The principal of City College Coventry is to leave his job after the Skills Funding Agency demanded “fundamental changes” following a disastrous Ofsted inspection report.

After 16 years in post and two previous poor inspections, Paul Taylor (pictured) was hit with grade four (inadequate) results across each inspection headline field last month.

We have made it clear through the issue of a notice of concern, that an improvement plan that does not include fundamental changes to leadership and governance will not be acceptable,”

He is to be replaced as soon as an interim principal can be found.

It was unclear whether he has decided to leave or was asked to go, but the agency said it had called for change at the top of the 8,000-learner college.

“We have made it clear through the issue of a notice of concern, that an improvement plan that does not include fundamental changes to leadership and governance will not be acceptable,” said an agency spokesperson.
“We will consider and discuss next steps with the college.”

The statement leaves a questionmark hanging over the college’s board of governors, including its chair since 2001, Warwick Hall.

However, a college spokesperson said she was “unaware of any changes planned for the board of governors”.

Coventry’s Ofsted report, published on April 23 following inspection in March, also gave grade fours throughout the main findings board, including apprenticeships and 19+ learning programmes.

Its highest mark was a single grade two for teaching, learning and assessment on independent living and life skills.

Mr Taylor had wanted to stay on despite the blow, saying: “If I walk away I’ll regret it forever.”

But a statement from the college read: “The decision has been taken that Paul Taylor is to leave his position as principal of City College Coventry.

“The board of governors led by the chair and with the support of the Skills Funding Agency and the Association of Colleges is seeking an interim principal.

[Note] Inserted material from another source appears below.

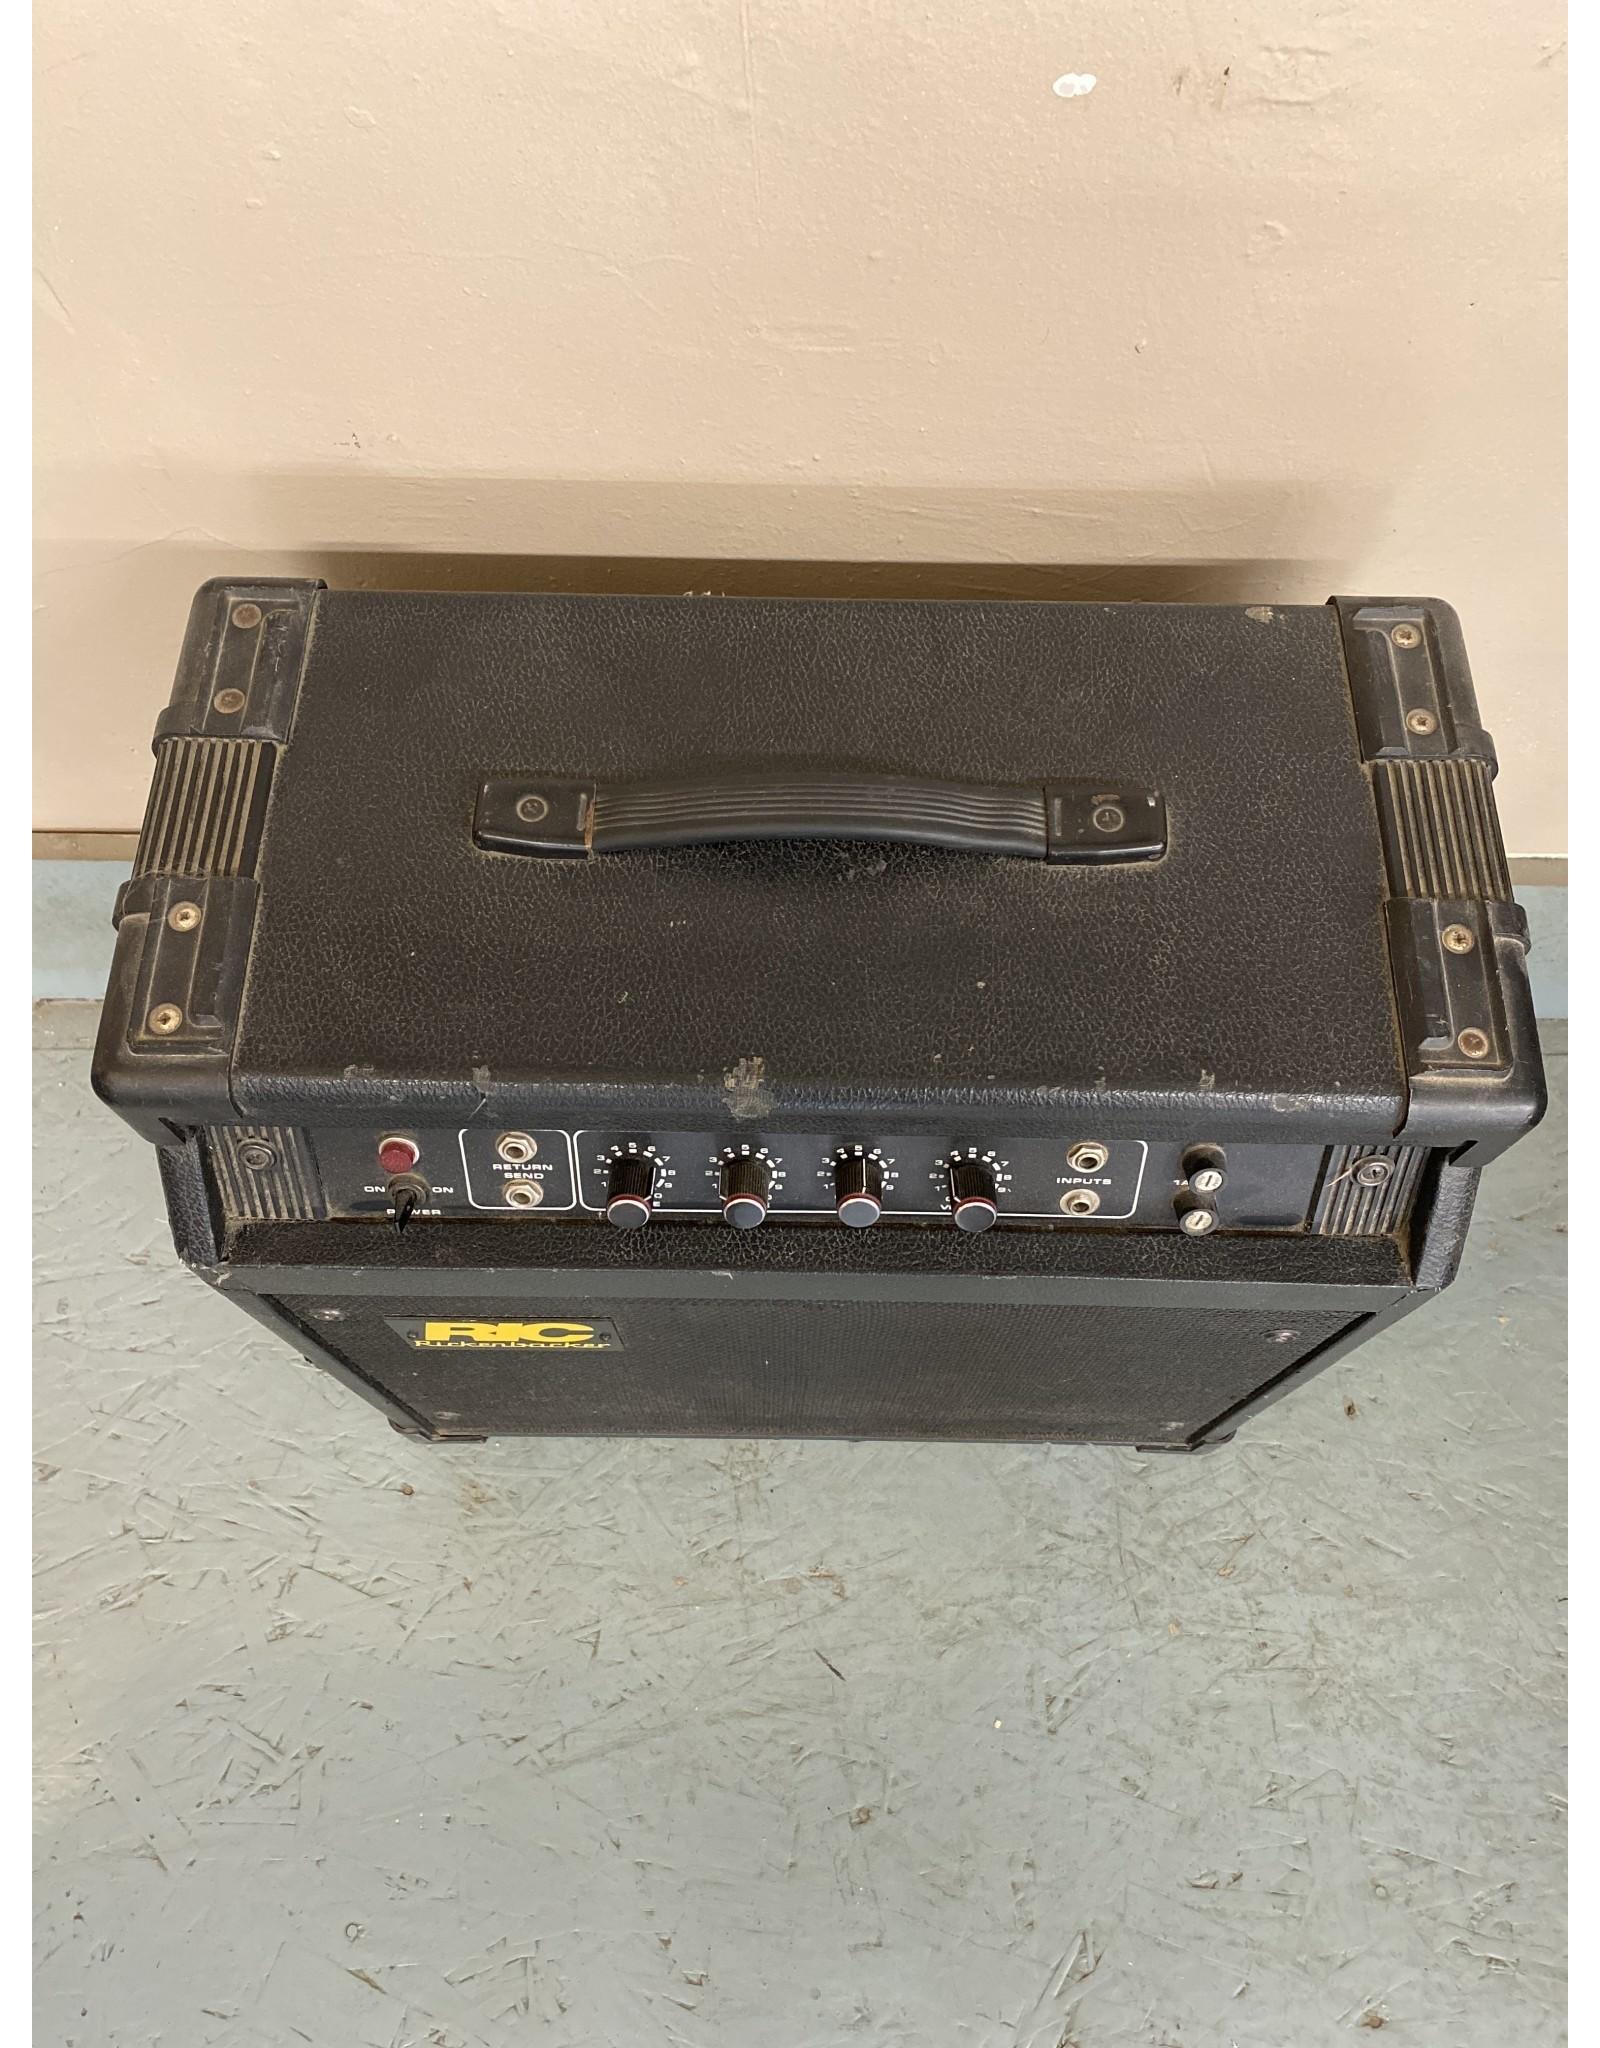 Rickenbacker Rickenbacker RB30 1986 (used)

The aim is for the interim principal to be in post by July.”

Meanwhile, Walsall College, among the first to be described as outstanding under Ofsted’s new common inspection framework, and Yorkshire’s Kirklees College, which got a good grading from Ofsted last year just 18 months after it too had been labelled inadequate, are to be involved in the bid to improve the Coventry college.

Mr Hall said: “There is much we can learn from the experience and performance of these two colleges.

“A year after its poor Ofsted report, Kirklees achieved a rating of good across every element of its operations, except leadership and management where it was rated outstanding. This is an achievement I want City College to emulate.”
The Coventry college statement added that a performance improvement action plan was being implemented.

“We are also building a relationship with Walsall College, which has been rated as outstanding, through which it will benchmark its performance and improvement,” it said.